23 August 2015


Two years ago, I had the amazing opportunity to spend a scholar year (9 months) studying in Ireland. I was still in high school, so I was pretty young and spending a long time away from home was such a challenge for me. Even though I had some hard times while in there, I wouldn't change it for anything and it is by far one of the most amazing experiences I have ever had. 

Let's get into the point of this post. I'll be sharing some pros and cons about studying abroad. All of these are based on my personal experience, but I'll try to be as neutral as possible.


1. It makes you smarten up. When you're "alone" in a country you barely know (that was me) you need to be clever. You have to keep doing the activities you would normally do, the difference is that you are by yourself and it doesn't matter if you're shy or scared: you still have to buy things and go to places, so you better sharpen your wits!

2. It will teach you the value of money. Unless you're a rich person, you'll have to deal with X€ per month. I wasn't used to this at all, that's why it took me a lot of time to learn how to distribute my money so that I didn't spend it right away. Maybe you'll struggle the first months, but then you'll realise that "the real life" isn't as easy as it seems when you're living with your parents.

3. The amount of things you'll learn is overwhelming. I went to school every day, therefore, I learnt stuff, obviously. However, the most valuable things I learnt weren't in class. I discovered their culture, lifestyle, improved my English... Make sure you keep your mind opened, because you'll need to soak up a lot of information every day. As I said before (point 1), you'll grow as a person, but you won't realise that until you come back.

4. You'll meet amazing people. Whether they are your host family, new friends you've made, the shop assistant or your neighbours, chances are that you'll keep in touch with them. When you are alone in a remote place of the planet you always need somebody to lean on, and I reassure you that you'll find wonderful people with whom you'll become friends forever (as cheesy as it sounds).

5. The overall experience and the memories. I'll go deeper into that at the end of the post, but I just want to mention that you can never go wrong with going to study abroad. 

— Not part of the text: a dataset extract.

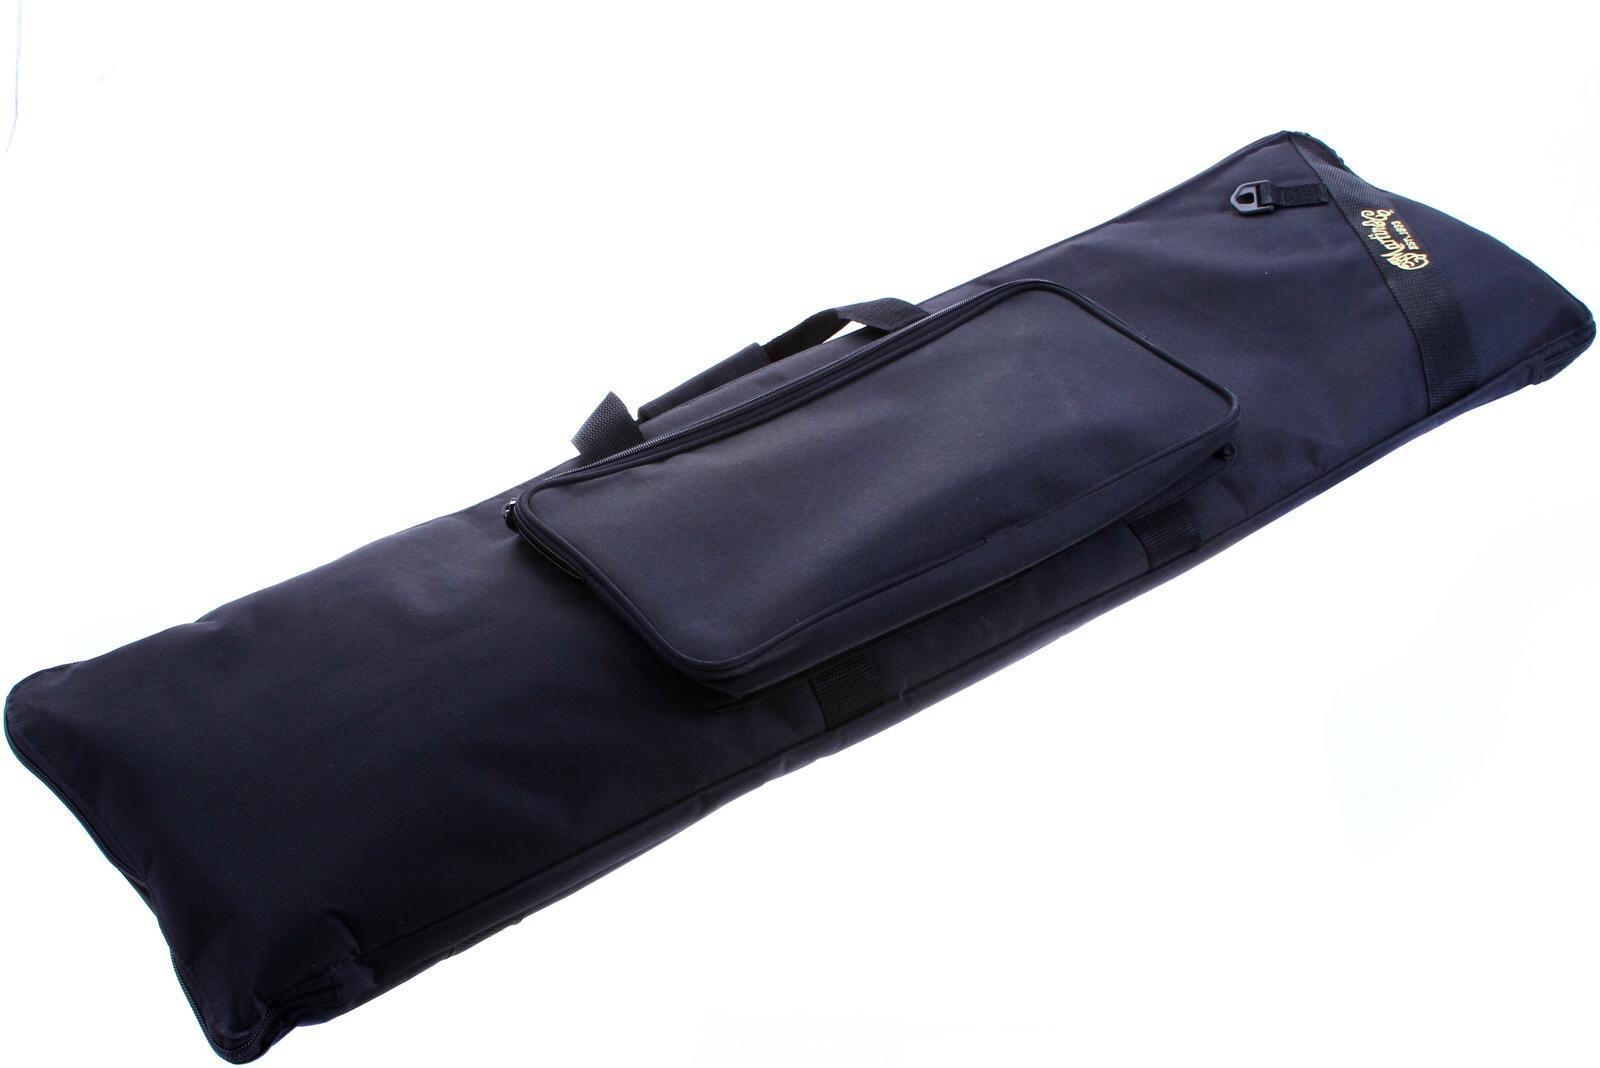 Martin Gig Bag BACKPACKER 専用ケース 【 お取り寄せ商品 】  マーチン バックパッカー GIGケース

1. You'll most likely find people from your country. At first you won't think it's a big deal but I would recommend you to stay away from them (not in a bad way): if you want to learn the language and befriend other students it's the best you can do.

2. You may feel homesick or out of place. It is totally normal and it depends on your character as well. What you need to know is that it's only a matter of time before you get used to the place and the people. Sooner than you think you are going to be settled down and comfortable with everything. Try to remember that you have an incredible year (or month, or whatever) ahead and you'll make the most of it.

3. Money, money money. Studying abroad it isn't cheap. Normally people who choose to do it have been saving for a lot of time. You need to have money for the course, the living, the expenses you'll have in there, the plane ticket (remember that you may also fly home for Christmas or Easter, which means four more tickets).

4. Agencies want what's best for them so be careful, read the smaller print and choose wisely. A solution would be to go there by yourself, but in order to do that you need to have friends or family that could help you.


Before deciding that I wanted to spend a year abroad, I searched online for information and talked to people that had already done that. Everyone gave me positive feedback and encouraged me to do it. The reason why I'm including this last section a part from the pros and cons is because unfortunately, my experience wasn't as incredible as I was told it would be. I might be in this 2% (approximately) of people that hasn't had too much luck and that's why I think it's worth sharing it. 

Earlier on, I told you that I was very young, that's why my parents and I agreed that I would stay with a host family. It turned out that the mother was the coordinator of all the students so everyone had to reach out to her if they had any problem with the family or whatever, which means that if I had a problem with my family (aka, her family) I had to tell her? Yes. I don't think the coordinator should have had a student, but that's not the point. At the beginning everything was okay, however, it didn't last for more than a month. I won't talk much about it because I think it's personal and I wouldn't like to offend anybody. The conclusion is that I didn't like the way I was treated. You may think: oh, but you only went there to sleep and that's it, is not that much. Well, it may not be that much but when you're away from home and the ones who are supposed to take care of you don't do it, it's really frustrating and it makes you feel unloved and lonely. Although it wasn't always easy, having a tough time has taught me many things that I wouldn't have learnt otherwise. Don't get me wrong, I still had an incredible experience thanks to the other people I met there. Everybody was aware of my situation and they were always there to help me and when I was with them I felt the most fortunate person in the world. These are the people who made my stay as awesome as it was and that's what is all about, keeping the good memories above the bad ones!!